# To think about the influence function, think about sums.

I think the key to thinking intuitively about the influence function in our work on AMIP is this: Lineraization approximates a complicated estimator with a simple sum. If you can establish that the linearization provides a good approximation, then you can reason about your complicated estimator by reasoning about sums. And sums are easy to reason about.

Specifically, suppose you have data weights \(w = (w_1, \ldots, w_N)\) and an estimator \(\phi(w) \in \mathbb{R}\) which depends on the weights in some complicated way.
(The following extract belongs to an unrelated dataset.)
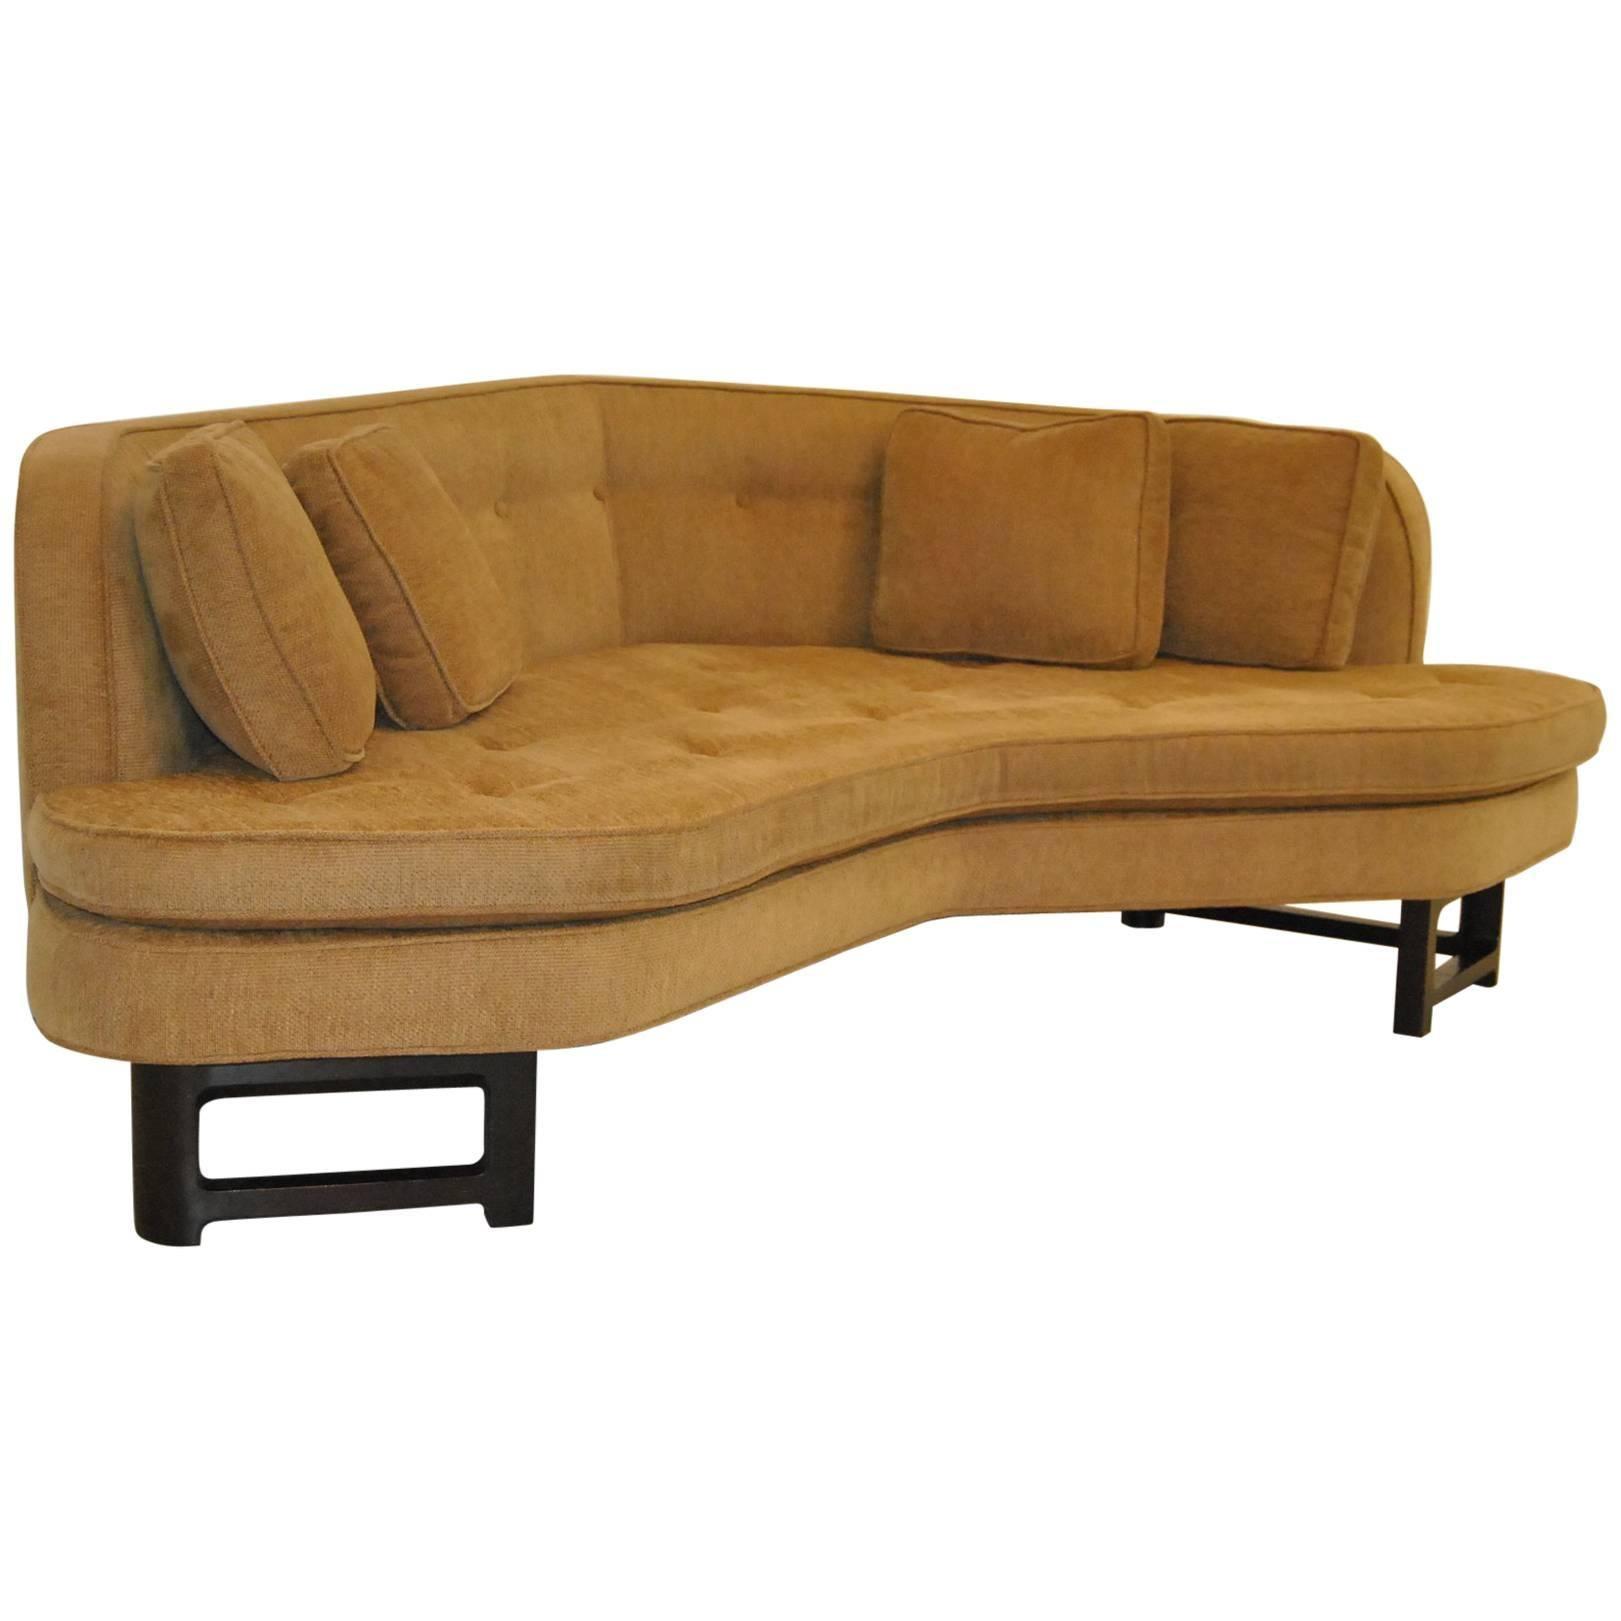 MidCentury Modern Sofa by Edward Wormley for Dunbar Furniture Janus

Let \(\phi^{lin}\) denote the first-order Taylor series expansion around the unit weight vector \(\vec{1} := (1, \ldots, 1)\)

\[\phi^{lin}(w) := \phi(\vec{1}) + \sum_{n=1}^N \psi_n (w_n - 1) = \phi(\vec{1}) + \sum_{n=1}^N \psi_n w_n \quad\textrm{where}\quad \psi_n := \frac{\partial \phi(w)}{\partial w_n}\Bigg|_{\vec{1}},\]and we have used the fact that \(\sum_{n=1}^N \psi_n = 0\) for Z-estimators. (For situations where \(\sum_{n=1}^N \psi_n \ne 0\), just keep that sum around, and everything I say in this post still applies.) Thinking now of \(\psi\) as data, we can (in some abuse of notation) write \(\phi^{lin}(\psi) = \phi(\vec{1}) + \sum_{n=1}^N \psi_n\). If \(\phi^{lin}(w)\) is a good approximation to \(\phi(w)\), then the effect of leaving a datapoint out of \(\phi(w)\) is well-approximated by the effect of leaving the corresponding entry out of \(\psi\) in \(\phi^{lin}(\psi)\). We have, in effect, replaced a complicated data dependence with a simple sum of terms. This is what linearization does for us. (NB: if our original estimator had been a sum of the data, the linearization would be exact!)
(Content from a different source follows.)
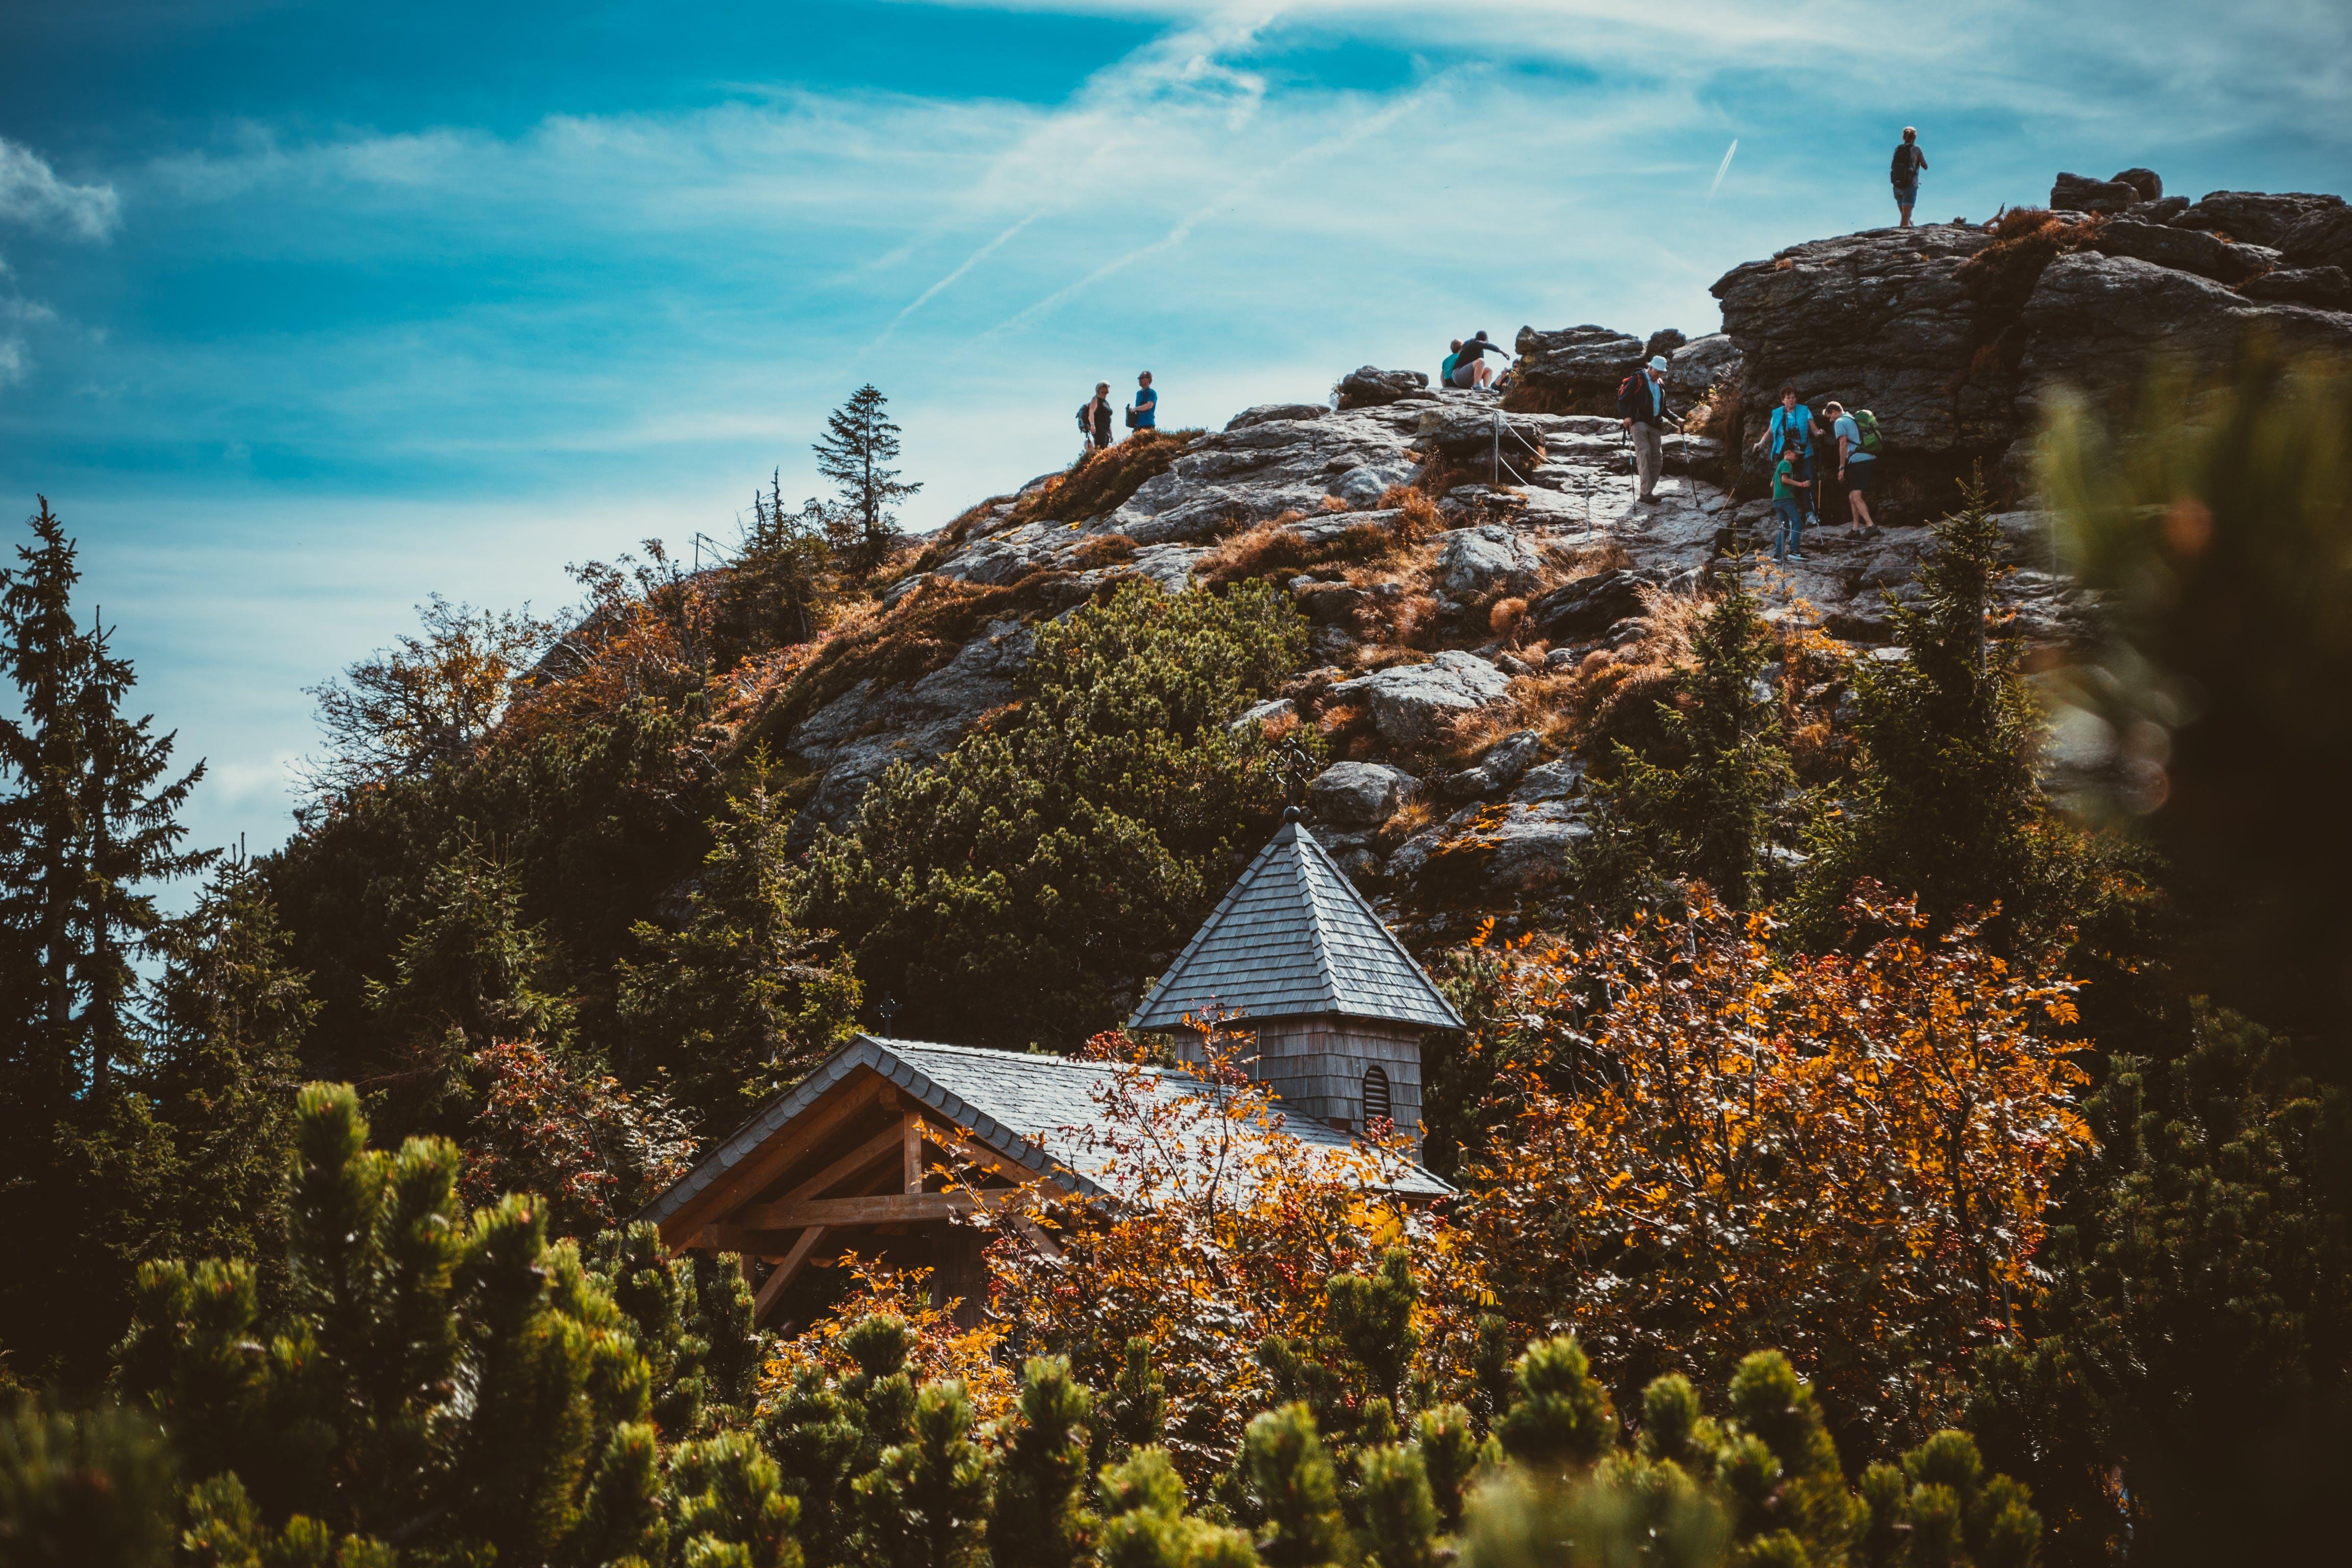 Kostenloses Stock Foto zu bäume, berg, felswand, gras

Typically \(\psi_n = O_p(N^{-1})\), so it’s a little helpful to define \(\gamma_n := N \psi_n\). We then can write:

\[\phi^{lin}(\gamma) := \phi(\vec{1}) + \frac{1}{N}\sum_{n=1}^N \gamma_n.\]We can now ask what kinds of changes we can produce in \(\phi^{lin}(\gamma)\) by dropping entries from \(\gamma\) (while keeping \(N\) the same), and some of the core conclusions of our paper become obvious. Definitionally, \(\sum_{n=1}^N \gamma_n = 0\). For example, if we drop \(\alpha N\) points, for some fixed \(0 < \alpha < 1\), then the amount we can change the sum \(\frac{1}{N}\sum_{n=1}^N \gamma_n\) does not vanish, no matter how large \(N\) is, and no matter how small \(\alpha\) is. The amount you can change the sum \(\frac{1}{N}\sum_{n=1}^N \gamma_n\) also obviously depends on the tail shape of the distribution of the \(\gamma_n\), as well as their absolute scale. Increasing the scale (i.e., increasing the noise) obviously increases the amount you can change the sum. And, for a given scale (i.e., a given \(\frac{1}{N} \sum_{n=1}^N \gamma_n^2)\), you will be able to change the sum by the most when the left-out \(\gamma_n\) all take the same value.

So one way to think about AMIP is this: we provide a good approximation to your original statistic that takes the form of a simple sum over your data. Dropping datapoints corresponds to dropping data from this sum. You can then think about whether dropping sets that are selected in a certain way are reasonable or not in terms of dropping entries from a sum, about which it’s easy to have good intutition!